Many studies have considered GCM-simulated patterns of climate change in the European region (e.g., Barrow et al., 1996; Hulme and Brown, 1998; Osborn and Hulme, 1998; Räisänen, 1998; Benestad et al. 1999; Osborn et al., 1999). Hulme et al. (2000) provide an overview of simulated changes in the region by considering the results of twenty-three climate change simulations (forced by GHG change only) produced between the years 1983 and 1998 and including mixed-layer 1x and 2xCO2 equilibrium experiments as well as transient experiments. Figure 10.7 shows their results for simulated change in annual precipitation, averaged by latitude and normalised to percentage change per degree of global warming. It may be seen that the consensus amongst current models for drying in southern Europe and wetter conditions in northern Europe represents a continuation of a pattern established amongst the earlier simulations. The effect of model development has primarily been to intensify this pattern of response.

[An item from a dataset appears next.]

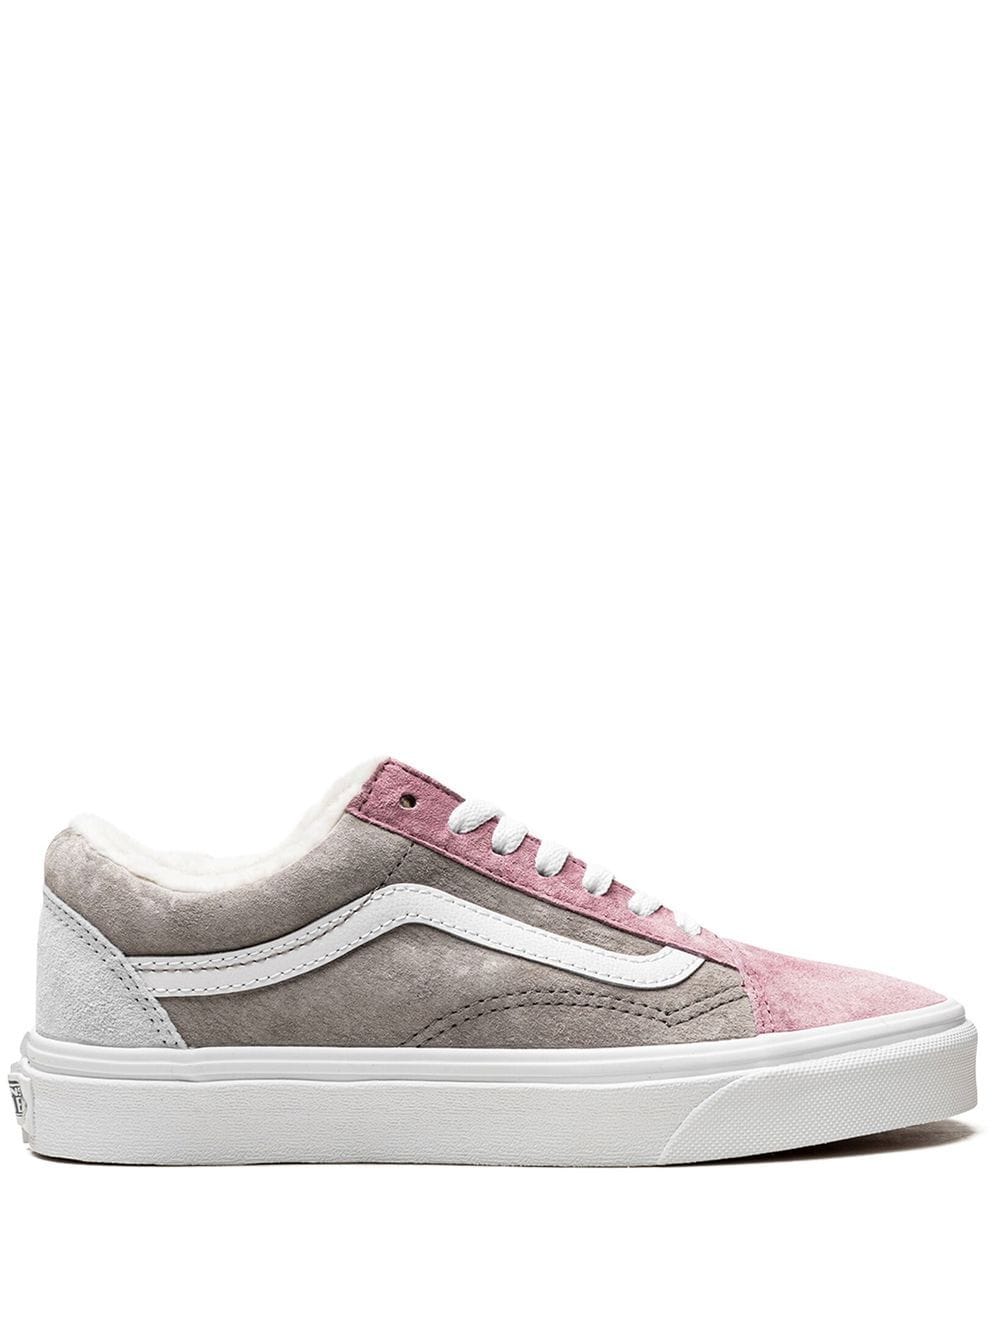 Vans Pig Suede Old Skool Sherpa Sneakers In Pink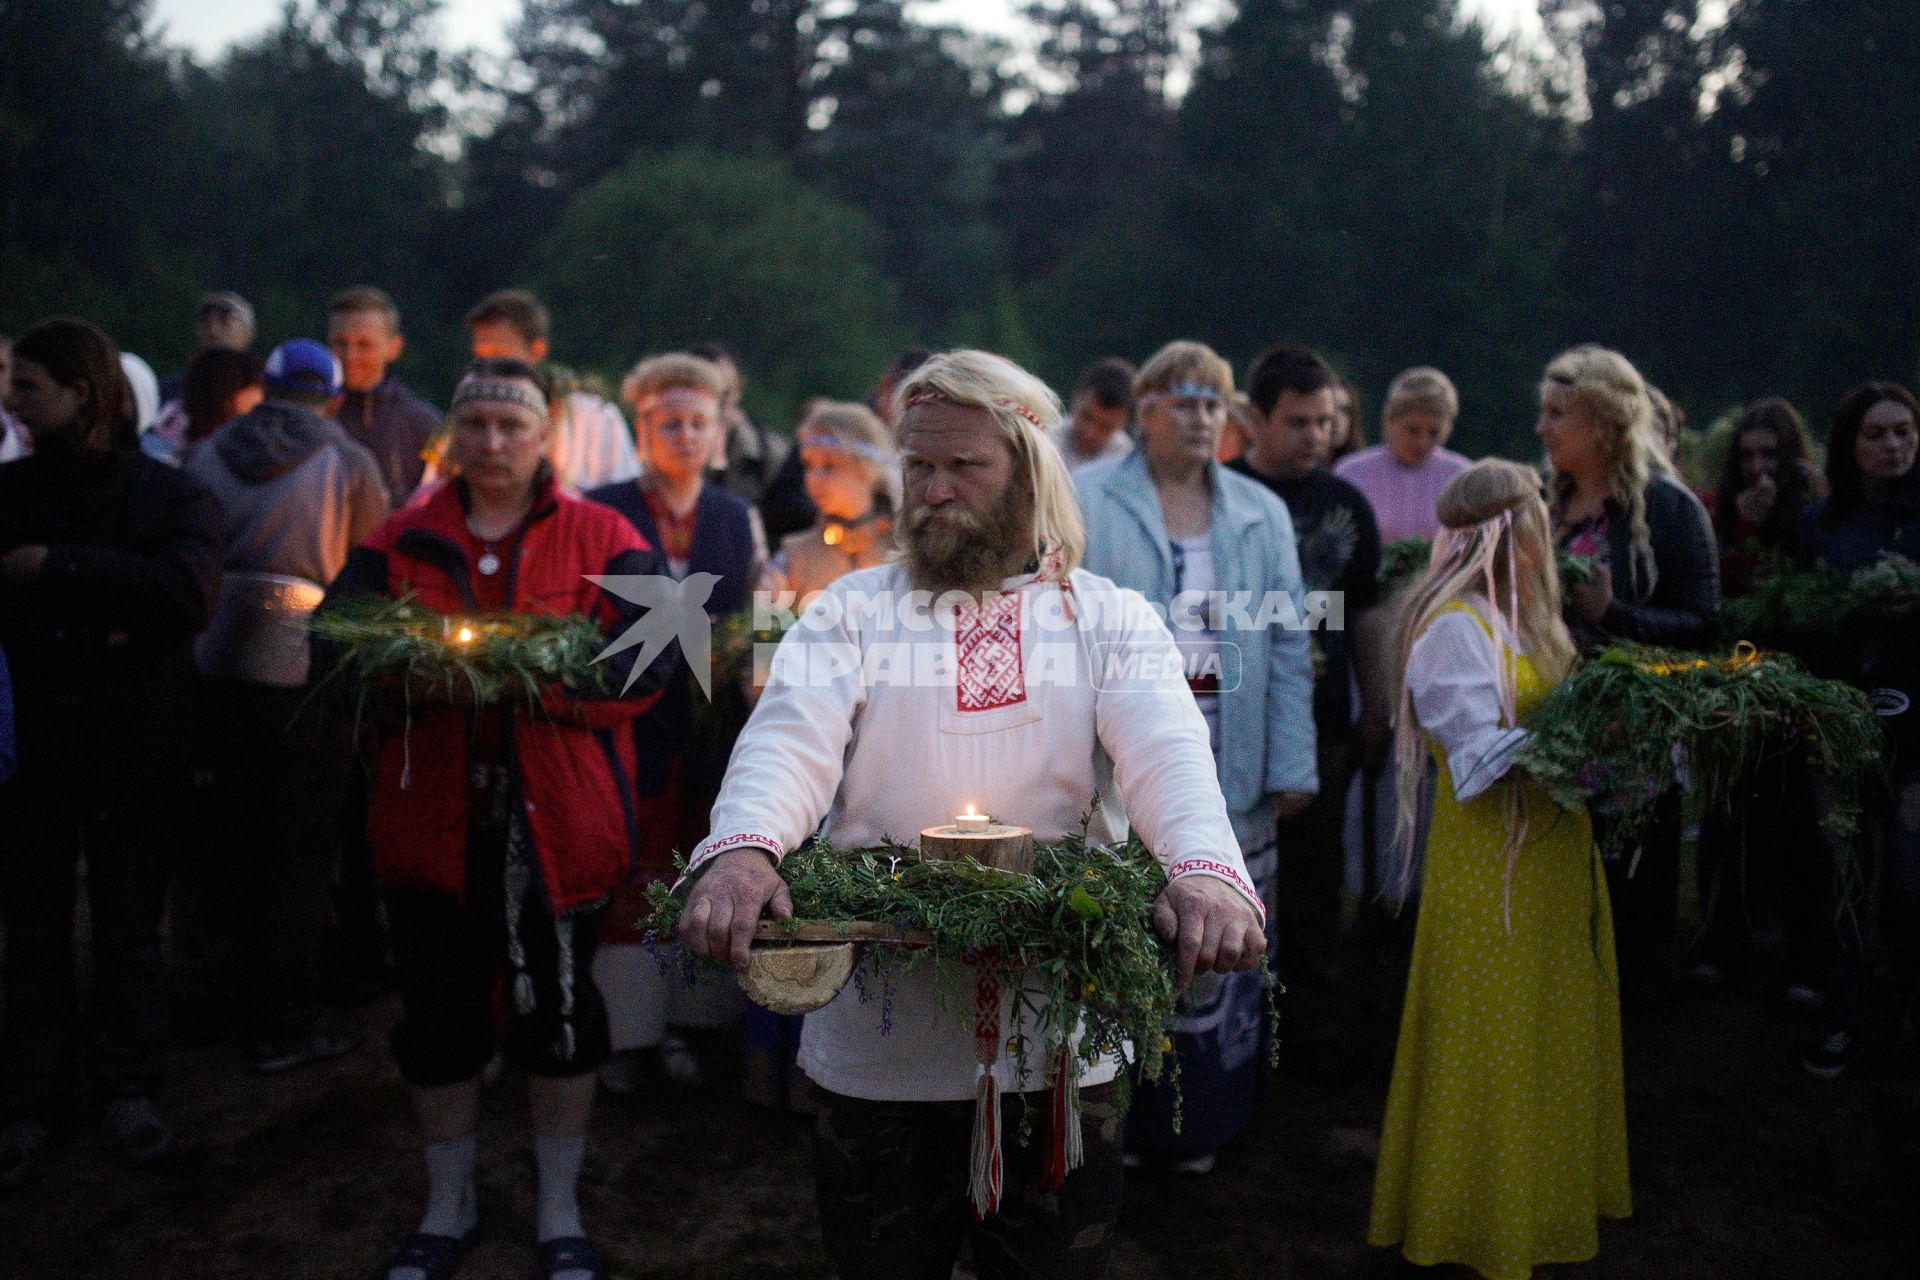 Участники празднования дня Ивана Купала стоят с венками в руках, перед их спуском на воду

Variations across simulations in the regional enhanced GHG results of AOGCMs, which are particularly evident for precipitation, represent a major uncertainty in any assessment of regional climate change. Such variation may arise due to differences in forcing, systematic model-to-model differences in the regional response to a given forcing or differences due to natural decadal to inter-decadal scale variability in the models. Giorgi and Francisco (2000a,b) analysed AOGCM simulations including different models, forcing scenarios and ensembles of simulations, and found that the greatest source of uncertainty in regional climate change simulation was due to inter-model differences, with intra-ensemble and inter-scenario differences being less important (see Figures 10.3 and 10.5). However, it should be noted that Giorgi and Francisco (2000a,b) used long (thirty year) means and large (sub-continental scale) regions and that the uncertainty due to simulated natural variability would be larger when shorter averaging periods, or smaller regions, are used. The results of Hulme et al. (1999) also suggest that low-frequency natural climatic variability is important at the sub-regional scale in Europe and can mask the enhanced GHG signal.

Regional changes in the mean pattern of atmospheric circulation have been noted in various studies, although typically the changes are not marked (e.g., Huth, 1997; Schubert, 1998). Indeed, the work of Conway (1998) and Wilby et al. (1998b) suggests that the contribution of changes in synoptic circulation to regional climate change may be relatively small compared to that of sub-synoptic processes.